# Hands On Machine Learning with Scikit and Tensorflow(V)

Posted by Kaiyuan Chen on September 9, 2017

## Chapter 8: Dimensionality Reduction

Most of machine learning algorithm suffer from curse of dimensionality. When new instance far way from any training instance

### Approaches

#### Projection

By projection, we can reduce dimensionality. However, subspace may twist and turn, like Swiss roll, which simply projecting onto a plane will not work

### PCA

This algorithm identifies the hyper plane that lies closet to the data and projects data onto it. The selection that justifies is to choose maximum amount of variance (avoid losing important information) and minimum mean square distance.

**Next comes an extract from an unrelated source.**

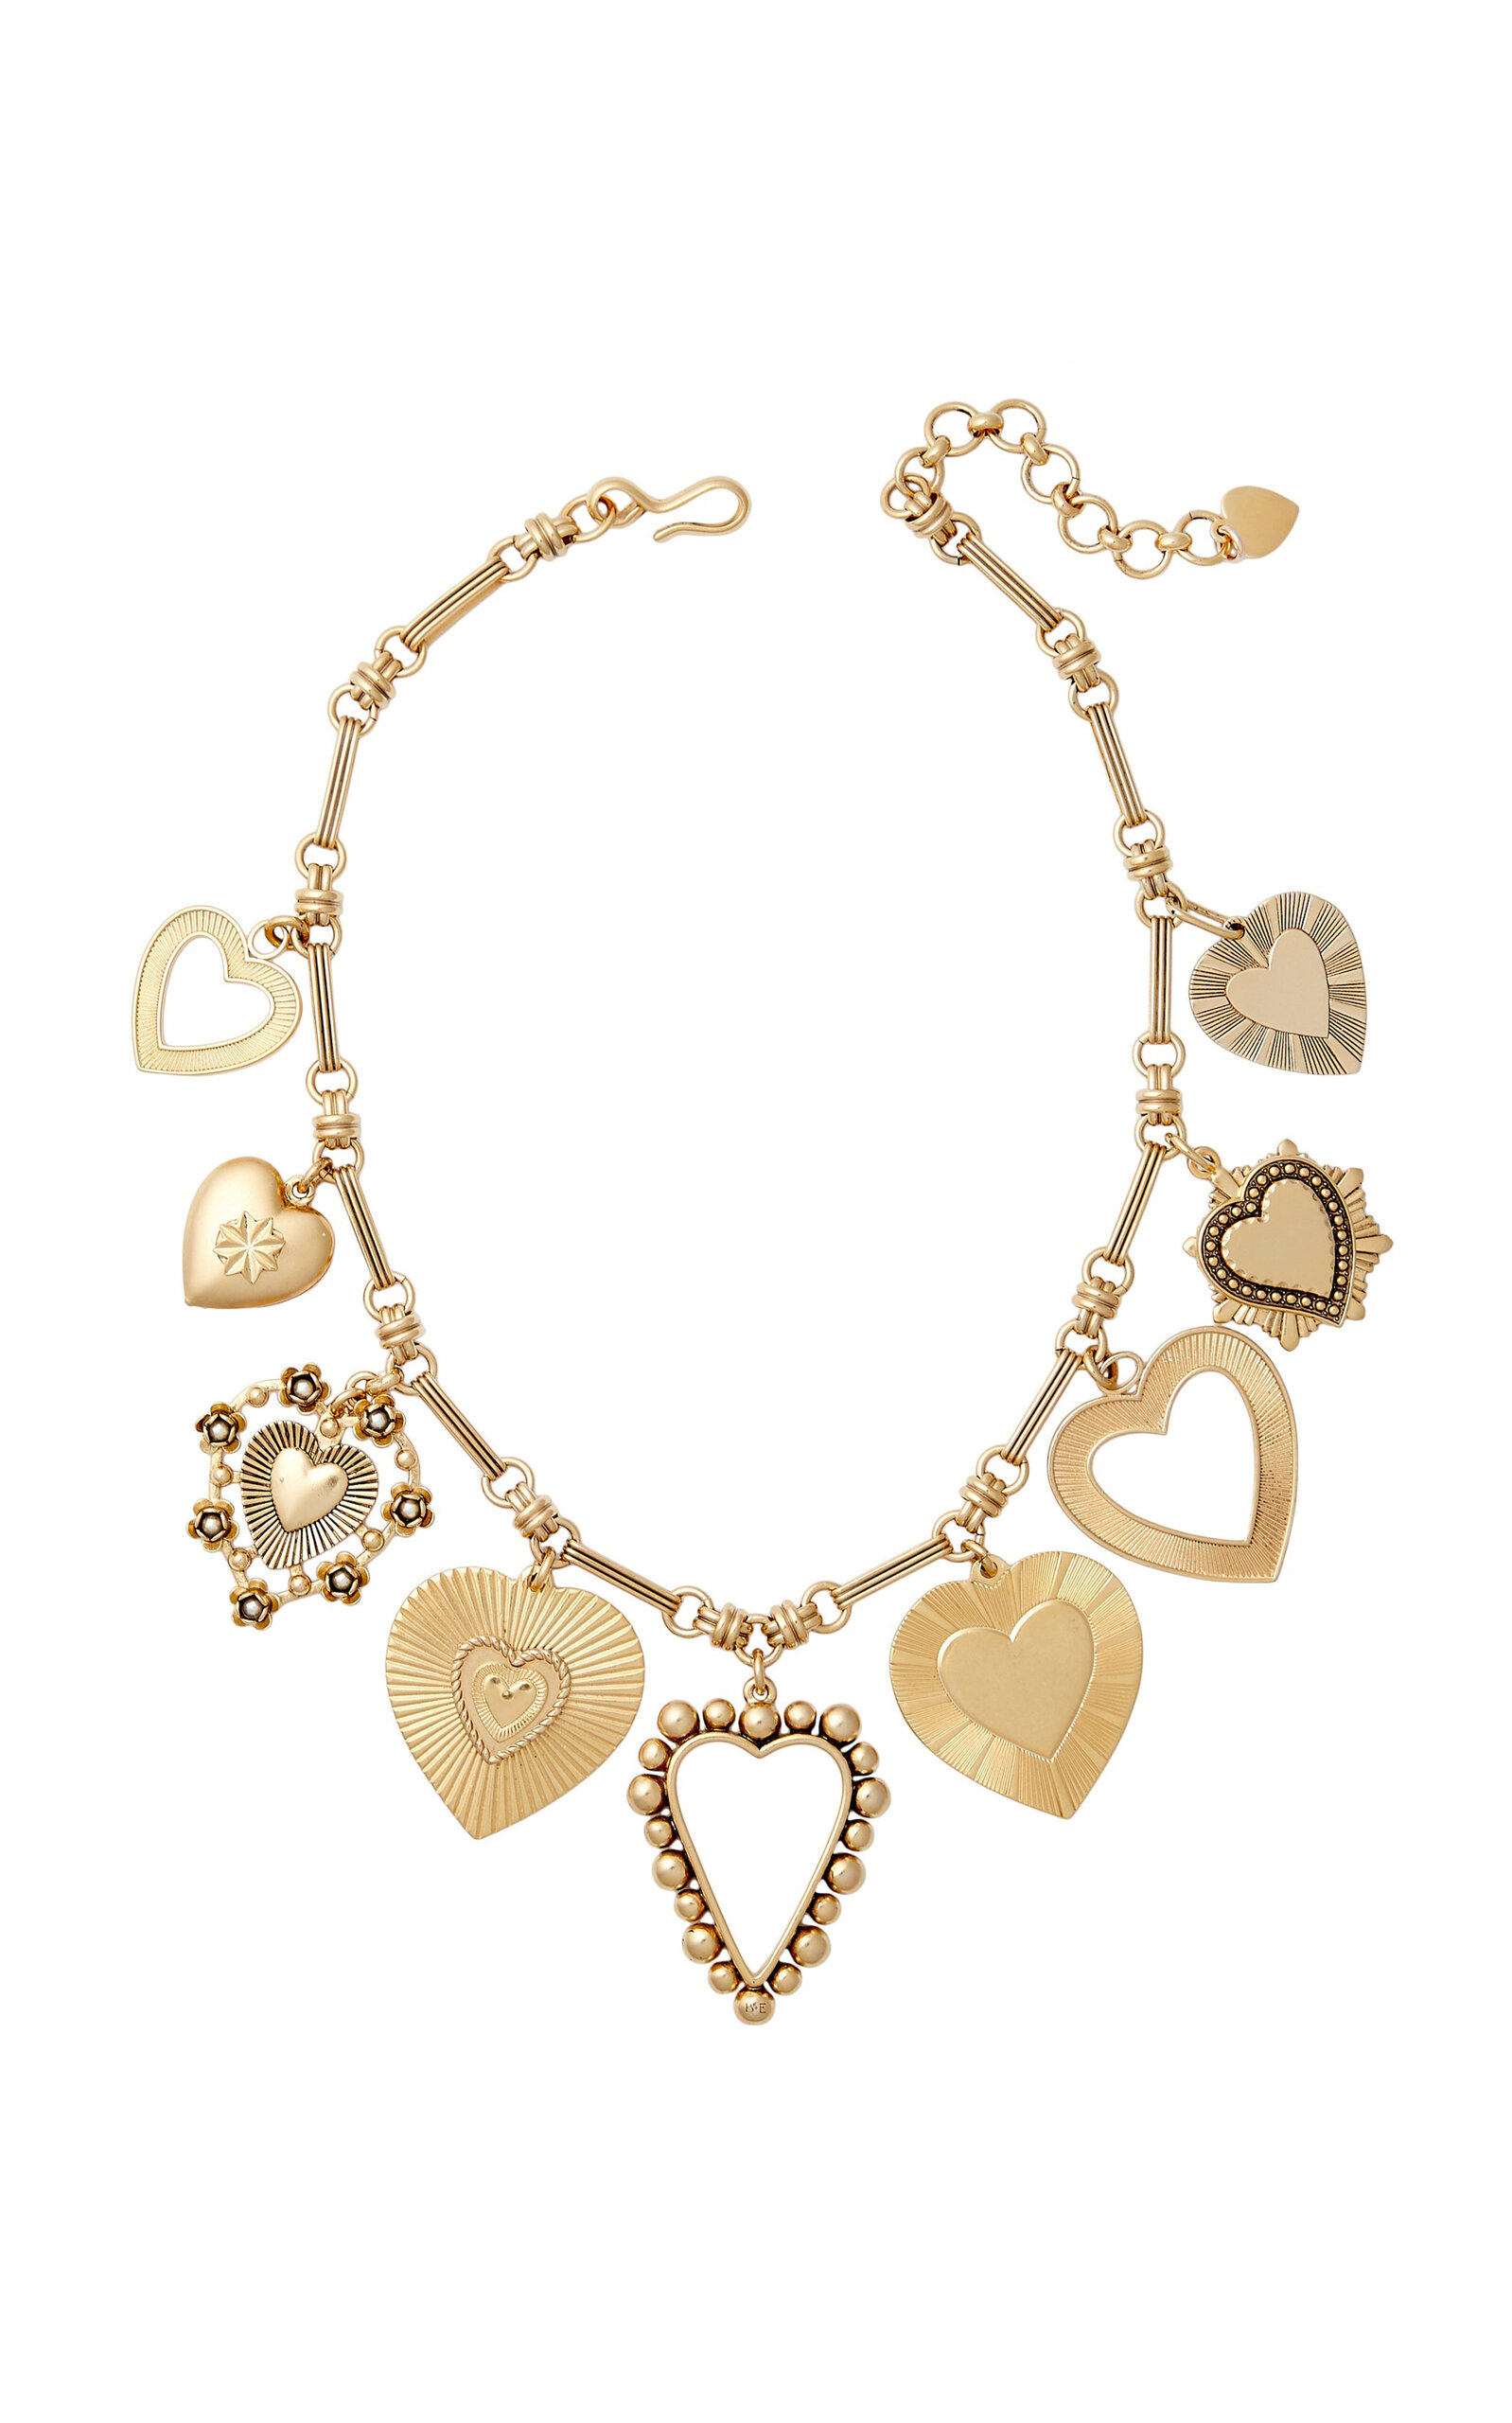 Queen of Hearts 24K Gold-Plated Necklace

To obtain principal components, we use SVD by

``````X_centered = X - X.mean(axis=0) #PCA assumes that the dataset is centered around the origin.
U, s, V = np.linalg.svd(X_centered)
c1 = V.T[:, 0] #we need V^T
c2 = V.T[:, 1]

#Projecting data
W2 = V.T[:, :2]
X2D = X_centered.dot(W2)
``````

or in SciKit Learn

``````from sklearn.decomposition import PCA
pca = PCA(n_components = 2)
X2D = pca.fit_transform(X)
``````

We can choose right dimension by find elbow it is generally preferable to choose the number of dimensions that add up to a sufficiently large portion of the variance (e.g., 95%).

``````pca = PCA()
pca.fit(X)
cumsum = np.cumsum(pca.explained_variance_ratio_)
d = np.argmax(cumsum >= 0.95) + 1

# or
pca = PCA(n_components=0.95)
X_reduced = pca.fit_transform(X)

``````

#### For compression

``````pca = PCA(n_components = 154)
X_mnist_reduced = pca.fit_transform(X_mnist)
X_mnist_recovered = pca.inverse_transform(X_mnist_reduced)
``````

#### Maniford Learning

A detailed explanation and visualization can be found here The point is that: we have a non linear version of PCA.

#### Locally Linear Embedding (LLE)

it is also another nonlinear dimensionality reduction. It is to find k nearest neighbors and find linear relationships to them Then based on weight matrix, we map the training instances into d-dimensional space while preserving local relationships.